Which brings me to KFC's Buckets For The Cure campaign. Surely you've seen the commercials by now.
Look, on the surface, this is admirable. Breast cancer is a killer. Aside from non-melanoma skin cancer, breast cancer is the most common form of cancer in women. Breast cancer is the number one cause of cancer death in Hispanic women. It is the second most common cause of cancer death in white, black, Asian/Pacific Islander, and American Indian/Alaska Native women. And that's from the CDC. Again, cancer ain't no joke, and I'd be the last person to marginalize its effects. Anyone doing anything to proactively find a cure should be applauded.
Still, come the f*ck on! This is KFC we're talkin' bout. The same KFC that sells the infamous Double Down sandwich, and other food laden with fat, cholesterol, and sodium. Deadly as breast cancer is, its nothing compared to the millions of folks who suffer from various forms of coronary artery disease, which drops folks dead, or worse, subjects them to debilitating strokes and heart attacks on the daily. All from eating a very different kind of breast, usually topped with hot sauce.
Part of me wonders if KFC is pulling a nice PR-related sleight of hand here to perhaps neutralize some of the bad pub they've gotten for that Double-Bypass, urrh, Double Down sammich.
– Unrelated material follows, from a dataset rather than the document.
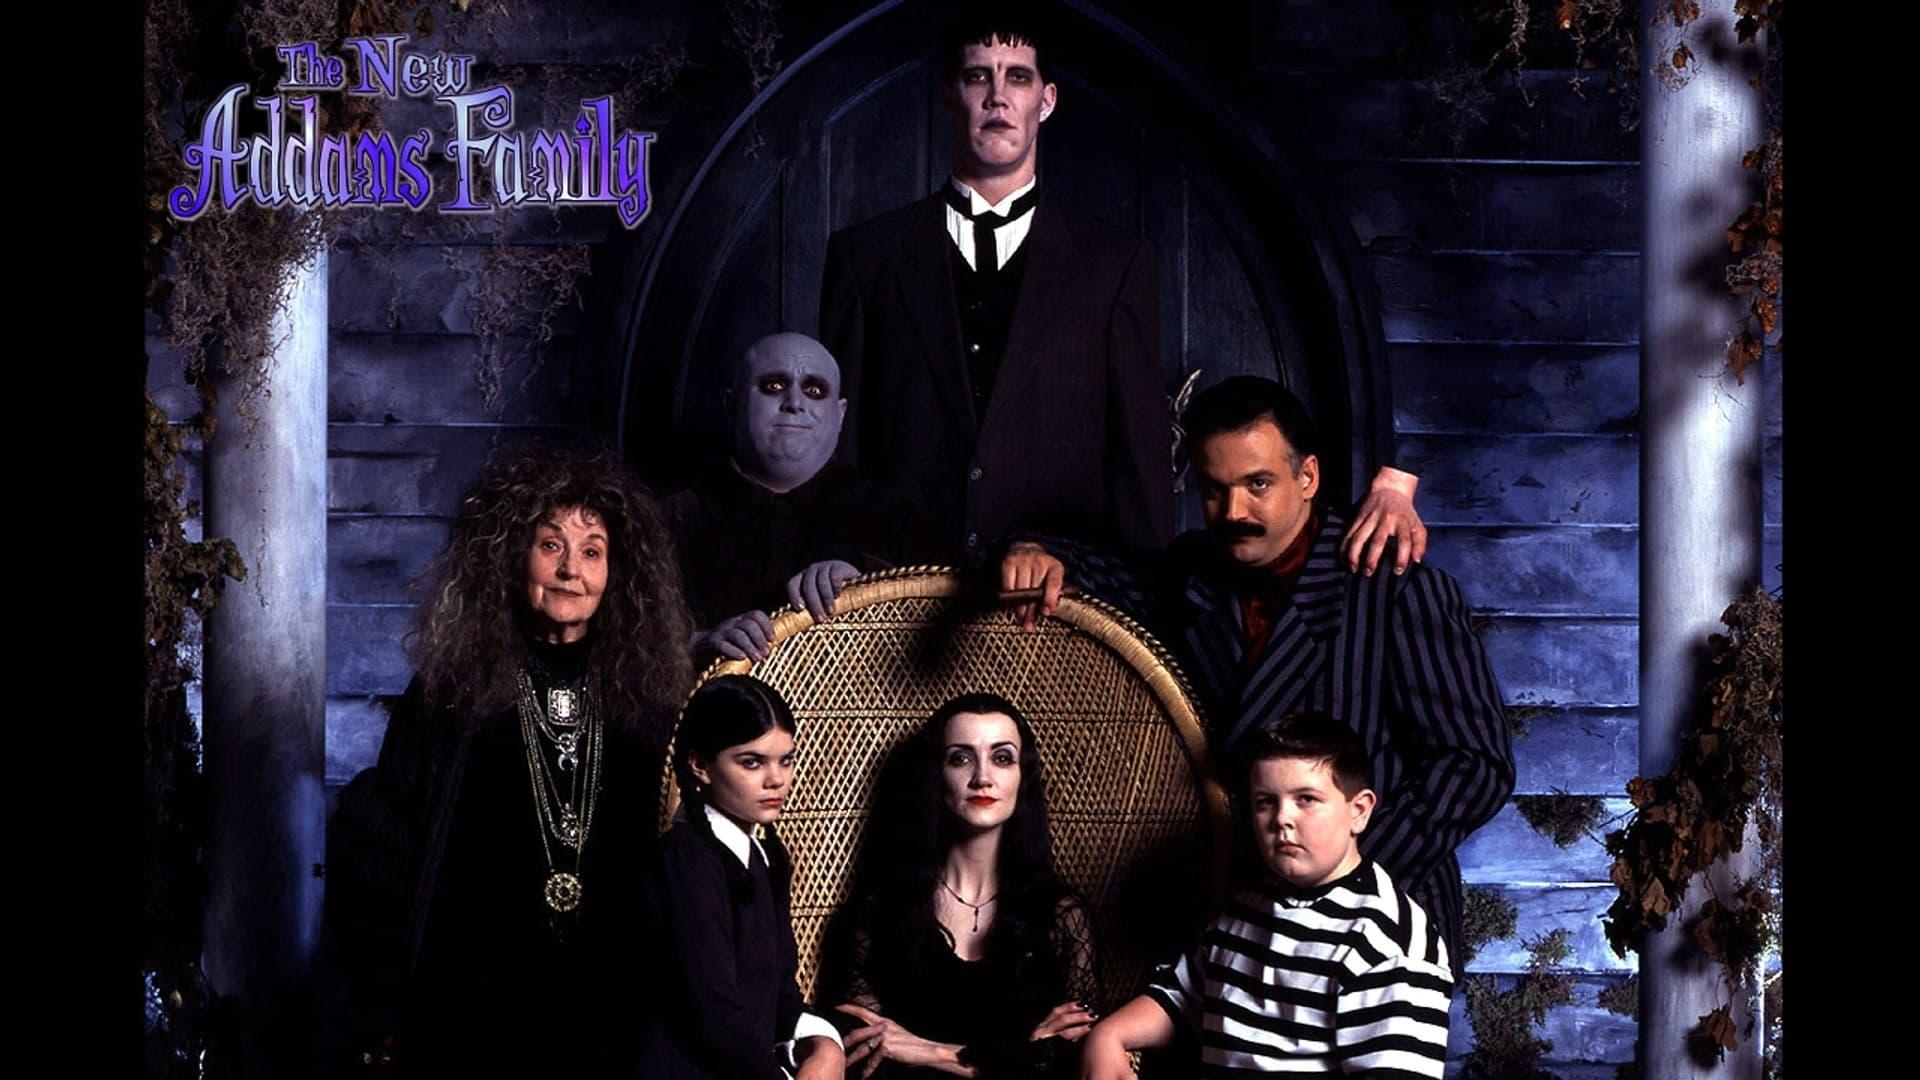 The New Addams Family backdrop

My third eye just can't look away from the dubious timing of this campaign, not when the commercials are literally running back to back. The fact that you can get this pink bucket full of either grilled or "original recipe" chicken speaks volumes. KFC advocating any sort of health initiative is sorta like Evander Holyfield holding a fireside chat about
Verdict: Much like the NBA's silly "Green Week" which was little more than a nice PR ploy to sell some awesome 100% organic cotton t-shirts with the cool NBA Green logo, KFC's Buckets For Cancer sounds like little more than a Grand Hu$tle disguised as philanthropy.
Or maybe that's just me being cynical as usual.
Question: What do you think? Is this a Grand Hu$tle, or is KFC merely being a concerned corporate citizen?
 Silly question here. How come "100%" is pronounced "One Hundred Percent", and "$100" is pronounced "One Hundred Dollars", although the correct syntax is putting the percent sign behind the number, and the dollar sign in front? Shouldn't the placement of the "$" sign indicate that you'd say "Dollar One Hundred"? Who determined these rules?
 Before you ask, no. I didn't buy one. Yet.